* _Exercise brief_: Transcribe the data as written, minus images.

* _Raw data_:
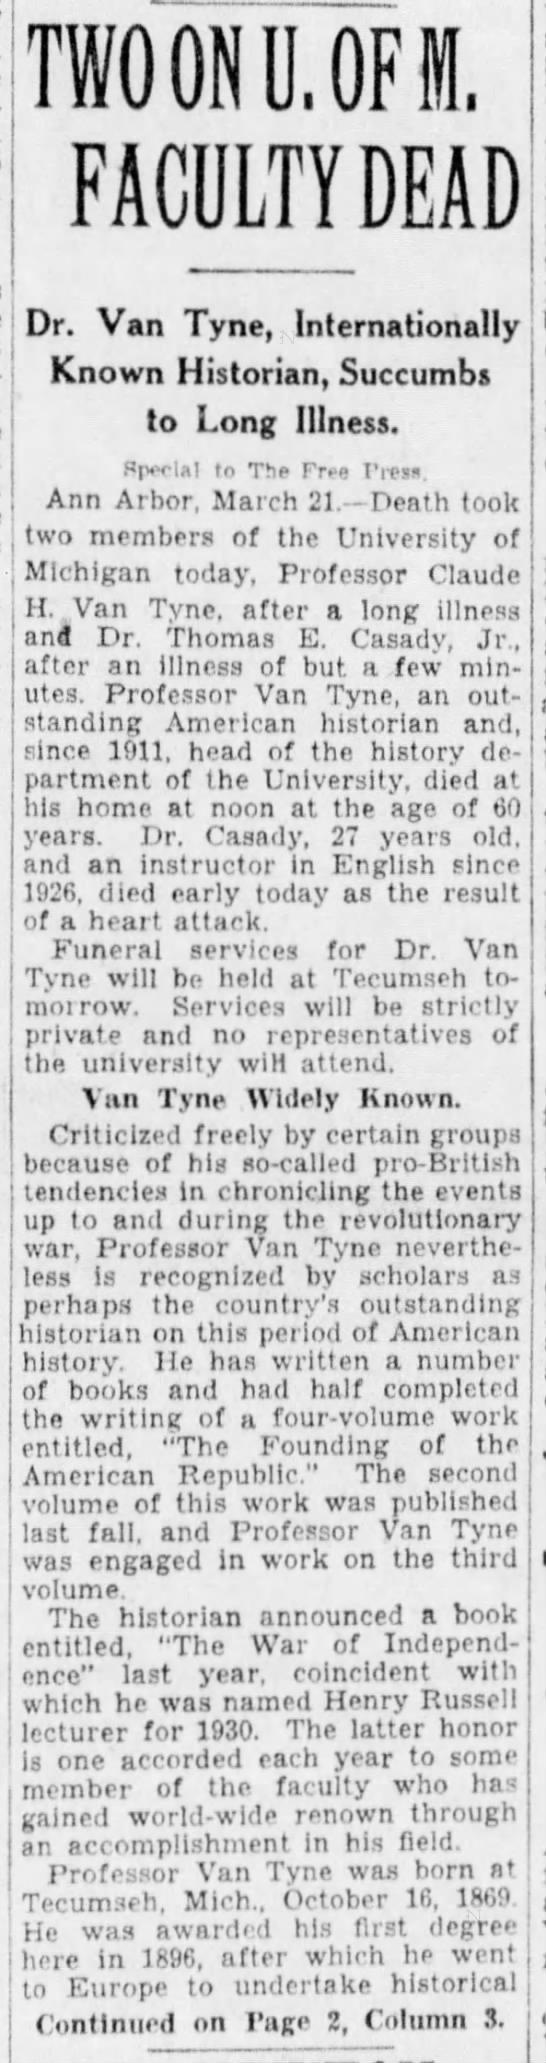 Two on U. of M. Faculty Dead: Dr. Van Tyne, Internationally Known Historian, Succumbs to Long Illnes -
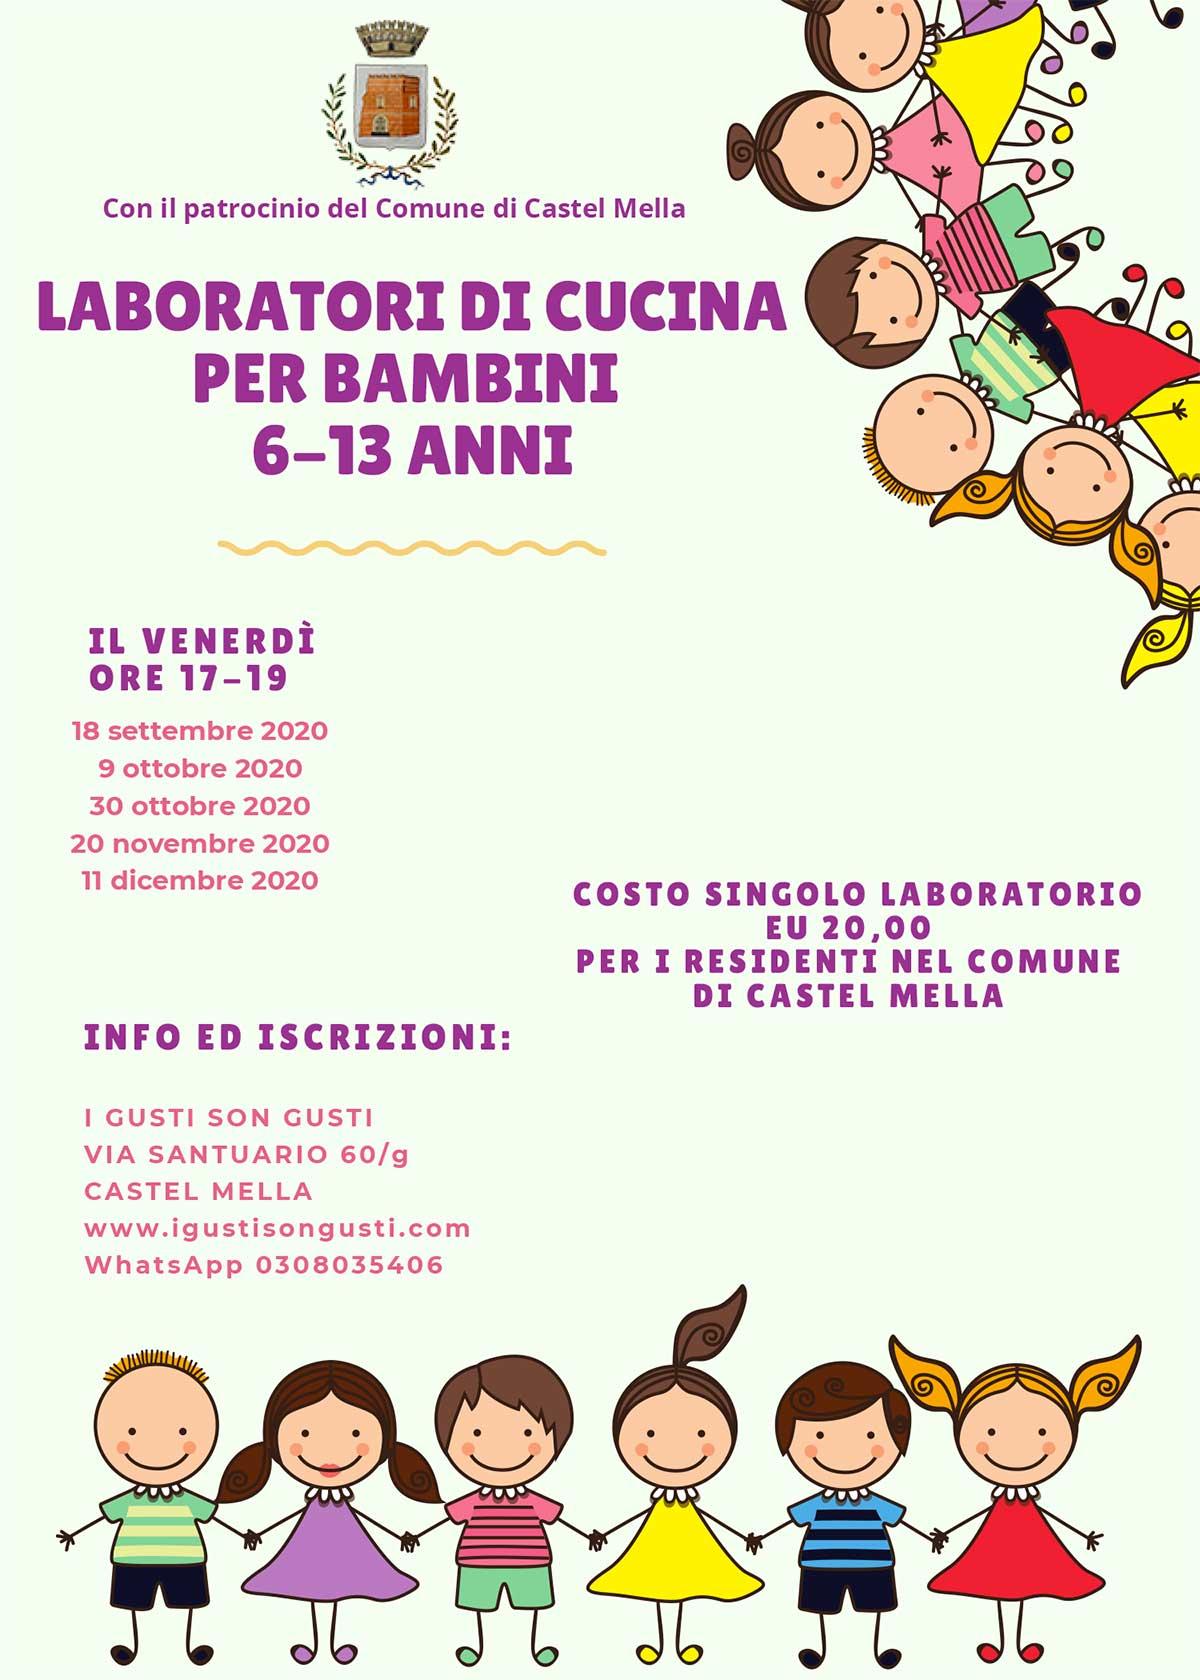 lab_cucina-bambini_castel_mella
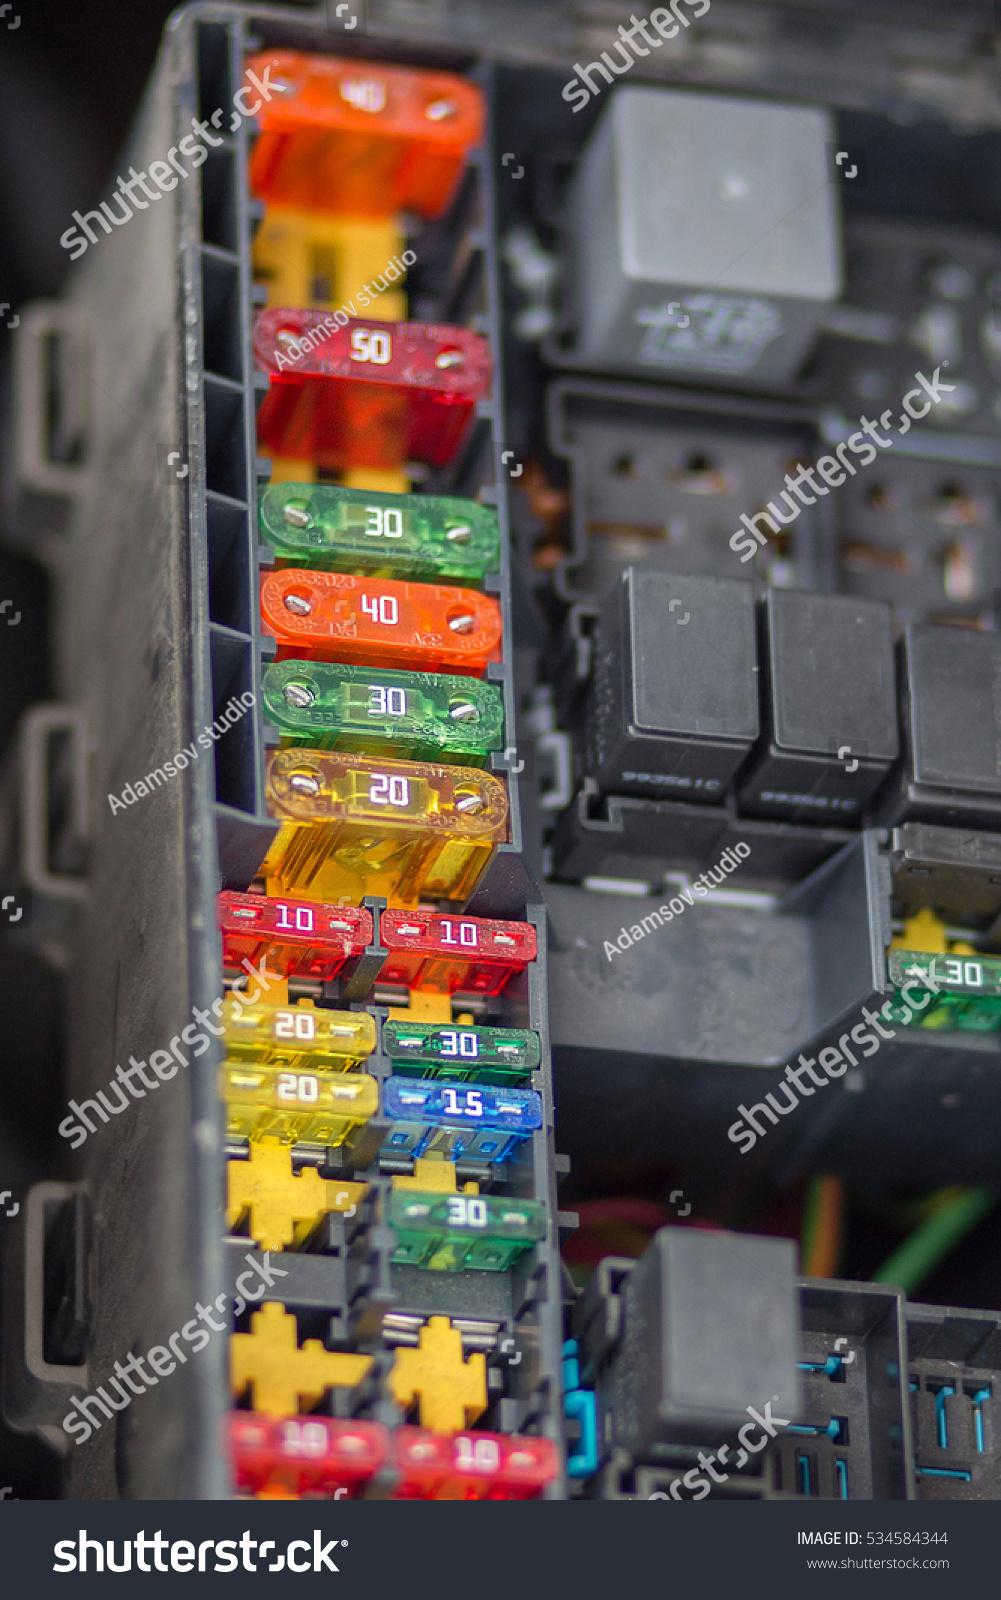 Close View Focus Car Fuse Box Stock Photo Edit Now 534584344 Plastic Up Of Control Engine Lighting

* _Solved problem_:
 Two on U. of M. Faculty Dead: Dr. Van Tyne, Internationally Known Historian, Succumbs to Long Illnes -
 lab_cucina-bambini_castel_mella
 Close View Focus Car Fuse Box Stock Photo Edit Now 534584344 Plastic Up Of Control Engine Lighting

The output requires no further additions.